Y es obligación de las autoridades realizar el fomento a la cultura para que esa gente pueda vivir de su trabajo. Sabemos perfectamente bien que en México eso es una vergonzosa utopía. Los políticos son desvergonzados zánganos, parásitos de la sociedad de la cual se alimentan obscenamente y a la cual no le devuelven lo que de ella obtienen. En aquella ciudad “Patrimonio de la Humanidad declarada por la UNESCO”, un regidor ganaba, en el momento de ser escrita la novela, 25 mil pesos mensuales por sesionar dos o tres veces por mes para avalar las supuestas (y algunas reales) decisiones del presidente municipal quien obedece ciegamente las del gobernador en turno. Mientras que al escritor le otorgaban, ¡oh, generosos!, una beca de mil 500 pesos mensuales exigiéndole —dice el protagonista de la novela— fajos de hojas con cuentos por kilo.

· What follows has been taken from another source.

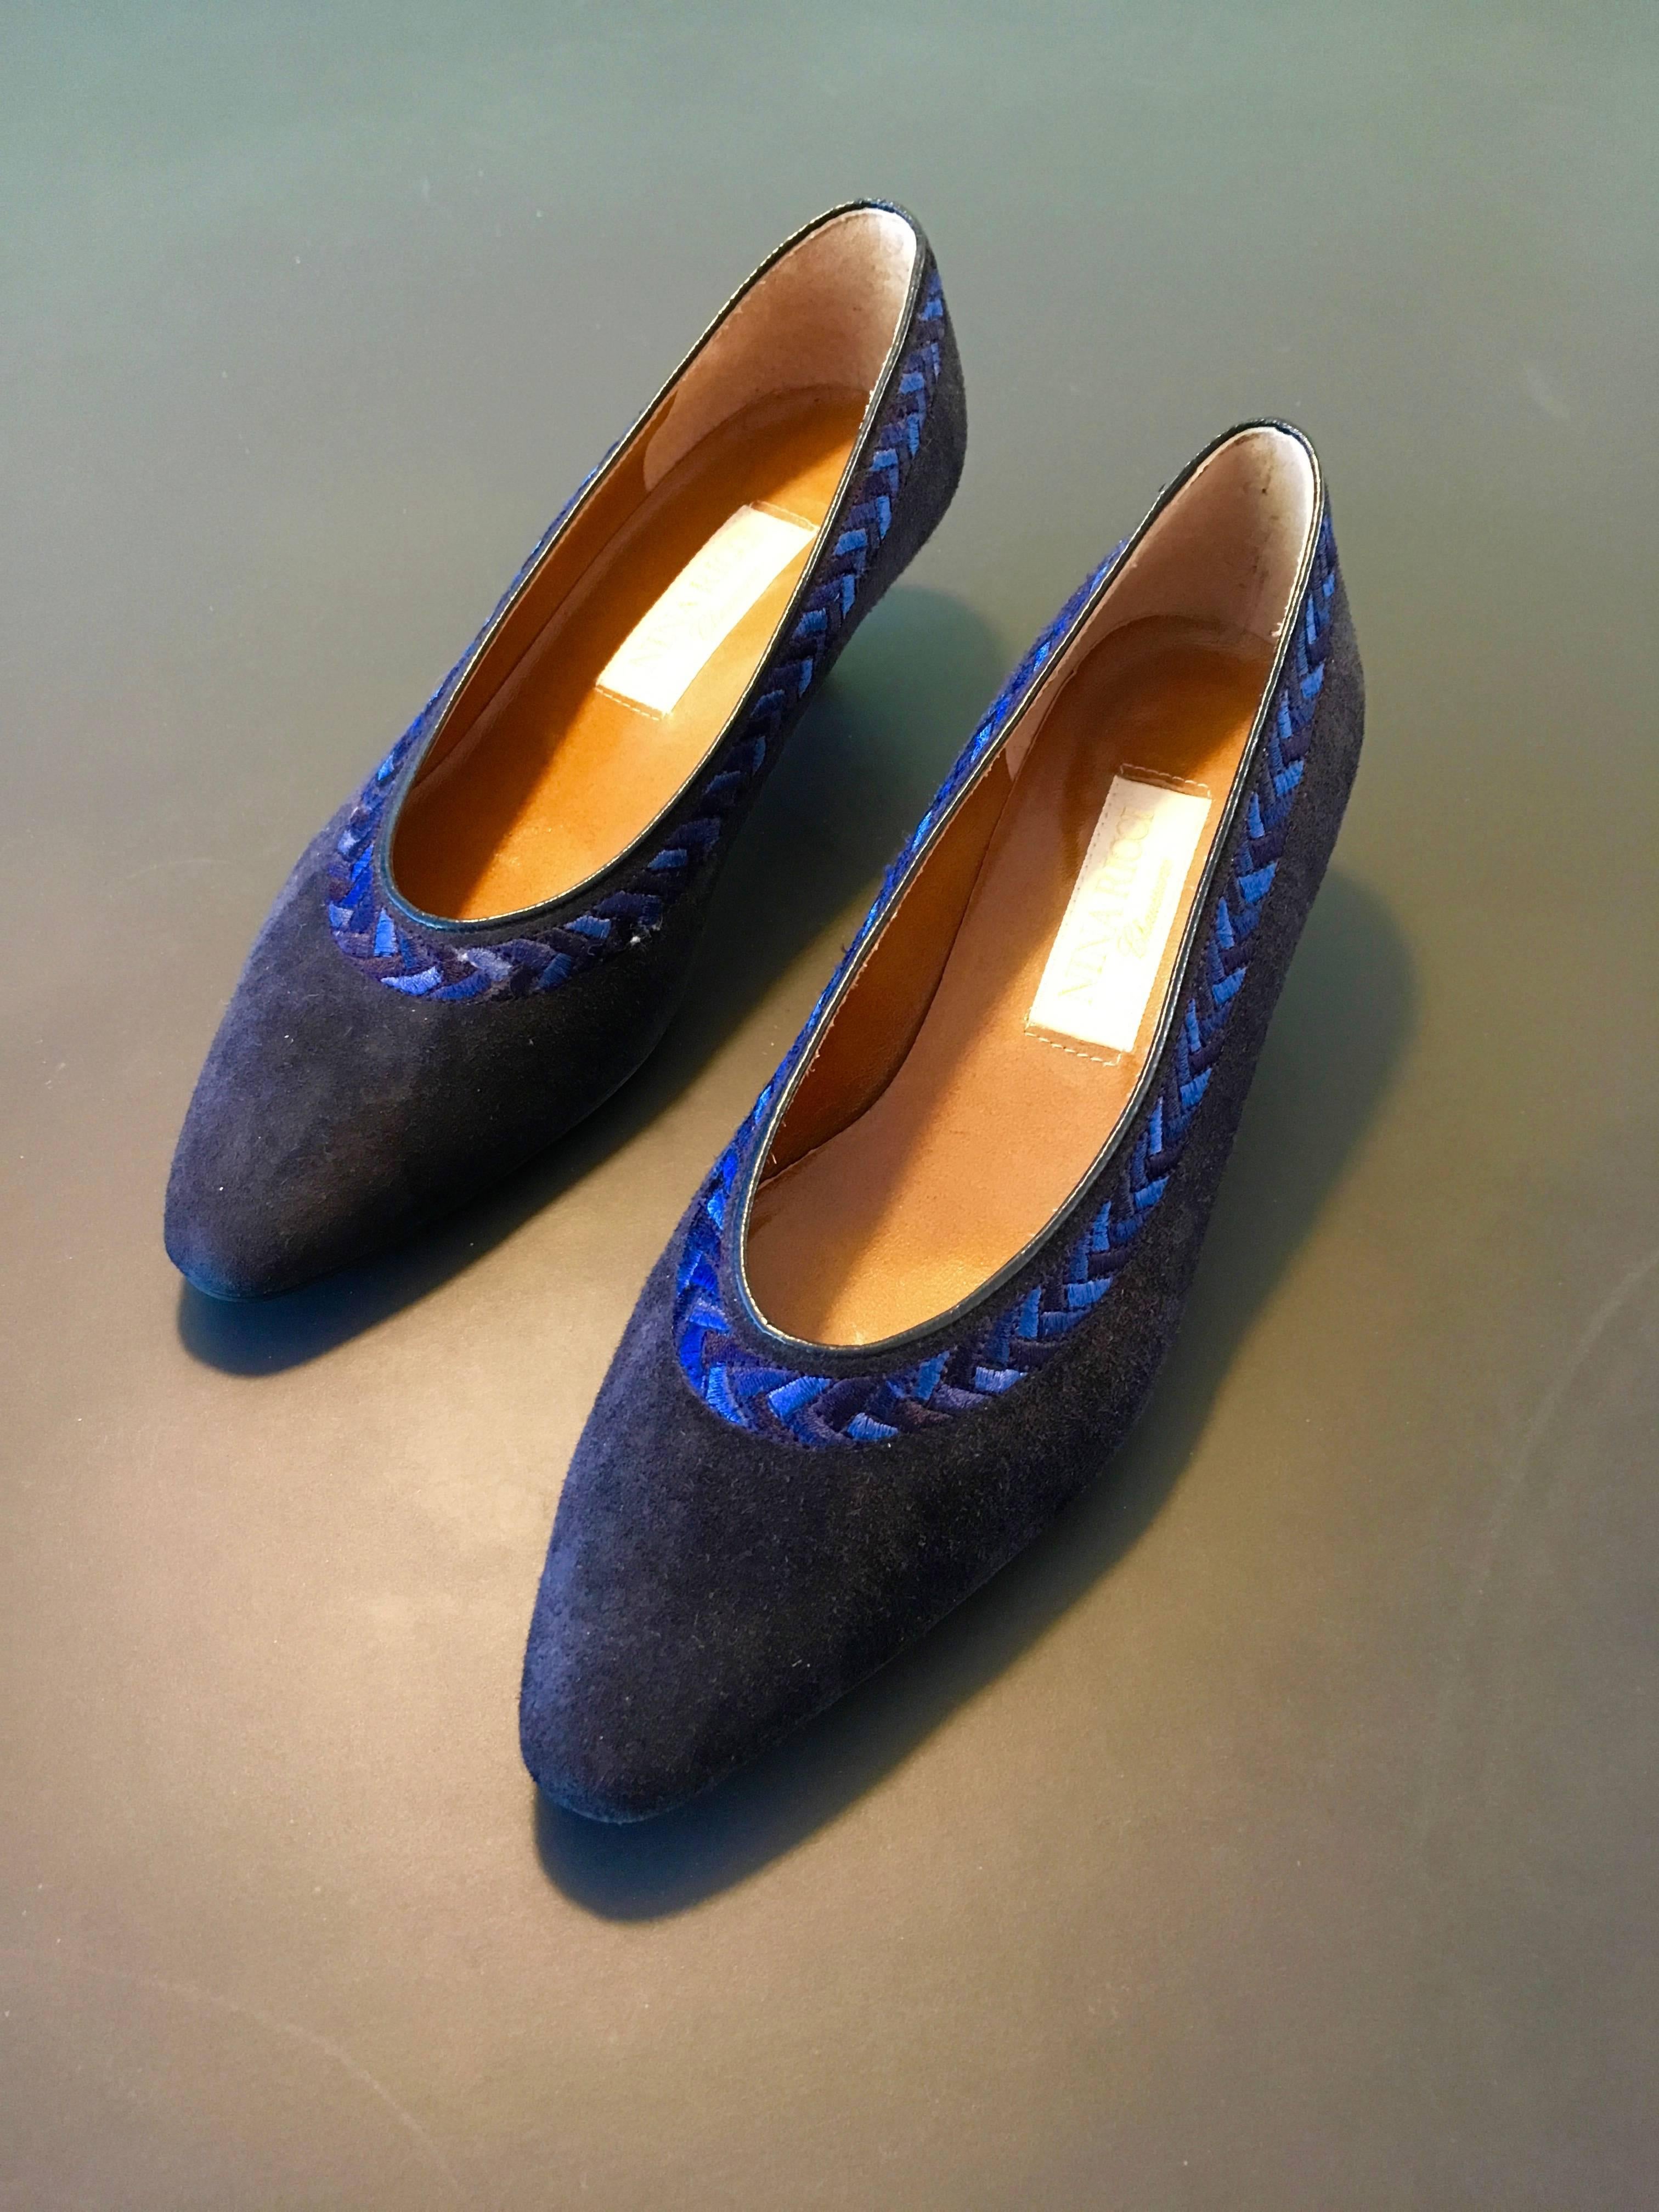 Nina Ricci Chaussures navy suede low heel slip on shoe is a size 6.  Never worn. Classic design to be worn & enjoyed with your vintage Chanel pants or your YSL skirt.

1.3/4

La edad obscena, en fin, es un trago recio. Está en la línea que divide al hombre malo del chamaquito sensible. Por más que siempre se empeñe en mostrar el lado recio, sin sentimentalismos y con cinismo y sin credulidades ni concesiones. Para mi gusto al final el personaje se reblandece para bien, porque termina tocando nuestro corazón, nos gana desde lo más profundo. Y estamos de su lado a pesar de todo, a pesar de, incluso, su misoginia, faltaba más.
Para nuestra fortuna, el gobierno no logró hacer con Edwin Sosa-Edgar Reza lo que hizo con Mario el del uno: matarlo. Los trató igual. Pero respondieron diferente. Mario se murió. Respuesta muy digna. Edgar escribió una novela. Y luego dicen que la literatura no nos salva.